Arms of Maurice de Berkeley


From the Dering Roll (c. 1270-1300)

Blazon: Gules a chevron argent

Maurice de Berkeley fought in both France and North Wales before joining the Baron’s War in 1264. He married Isabel FitzRoy, a granddaughter of King John through his illegitimate son Richard FitzRoy, and they had at least one child. That child, Thomas de Berkeley, was created the first Baron Berkeley by writ in 1295 (although he was the sixth by descent). The title made it another five generations before the family died out. The arms of the barons Berkeley are gules a chevron between ten crosses paté six in chief and four in base argent; these were probably derived from Maurice’s arms.

Arms of Robert Corbet


From the Dering Roll (c. 1270-1300)

Blazon: Or two crows (corbies) close in pale sable

The Corbets are a fairly long line of barons and baronets in Shropshire. The line goes back (only a little bit broken) to Roger and Robert FitzCorbet in the Domesday Book of 1086. The Corbet family eventually ended up giving their name to the town of Moreton Toret, where their castle was located. It is now Moreton Corbet. The term “corbet” or “corbie” is derived from the Anglo-Norman “corb,” or “crow,” making these canting arms – and an excellent refutation of anyone who wants to say that canting arms are somehow less prestigious.

Arms of Robert de Mortimer


From the Dering Roll (c. 1270-1300)

Blazon: Gules two bars vair

First off, this is Robert de Mortimer, not Roger de Mortimer. You may know of the latter, the first Earl of March, for his stint in the Tower of London and his overthrowing of King Edward II in the Despenser War, or potentially his own subsequent overthrow by Edward III, or his execution at Tyburn. Roger de Mortimer and his line are the Mortimers of Wigmore Castle in Herefordshire; the Roberts de Mortimer are also of a Castle in Herefordshire, although theirs is Richard’s Castle, and the two families do not appear to be related.

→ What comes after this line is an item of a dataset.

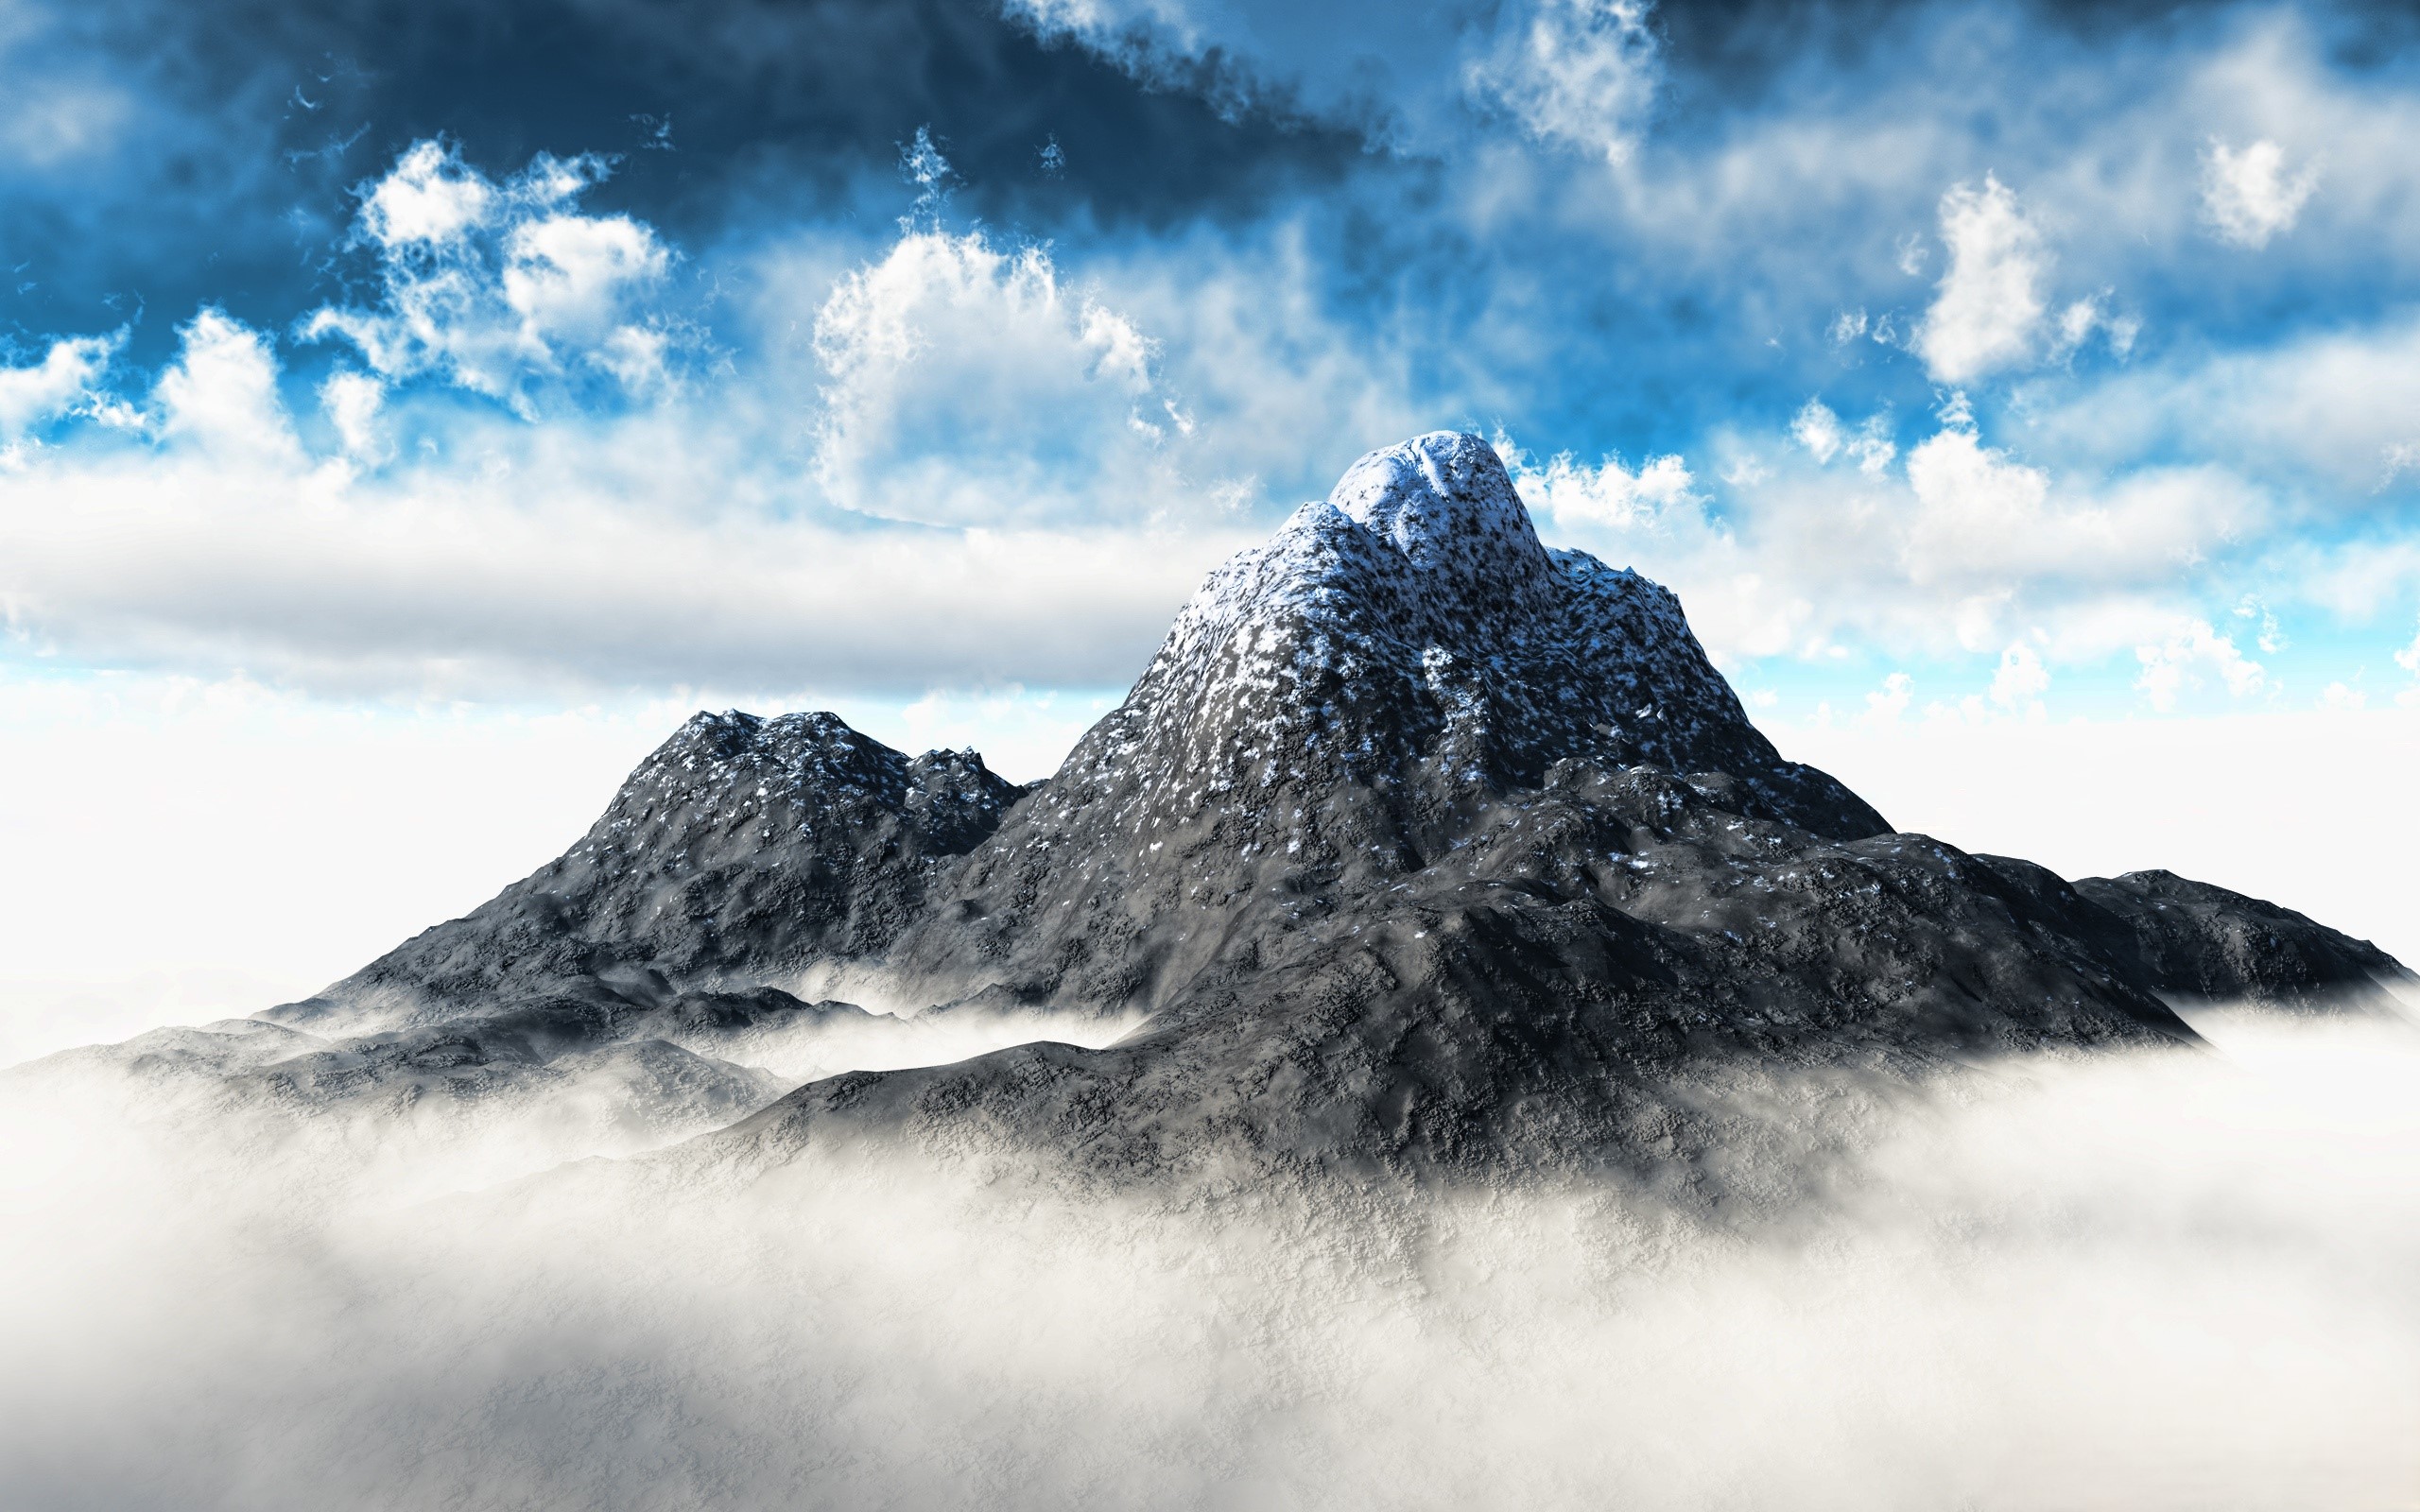 Phong cảnh đám mây lơ lửng trên đỉnh núi 12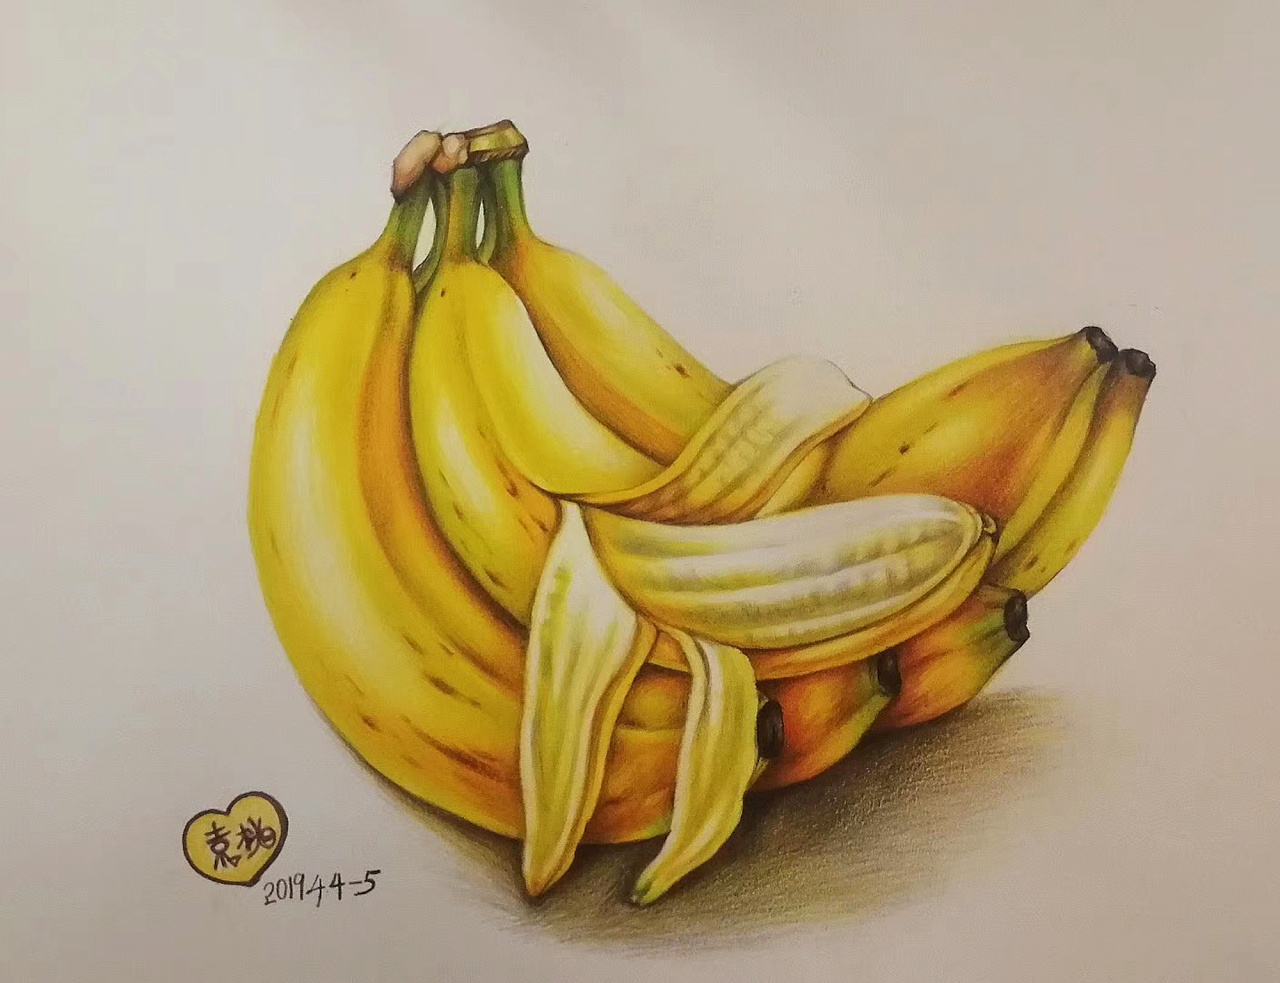 彩铅水果彩铅香蕉,纯艺术,彩铅绘画

I’m afraid Robert is not quite as exciting as Roger. There are three Roberts – great-grandfather, grandfather, and grandson. Either the first or the second served in the Third Crusade. However, due to the dates, I think the third Robert de Mortimer is the one referenced here. He served several times in Wales, and might (emphasis on the might) have been involved in the death of Llywelyn ap Gruffydd, Prince of Wales at Builth Wells in 1282. He also married Joyce de la Zouche, and acquired several manors in Northamptonshire.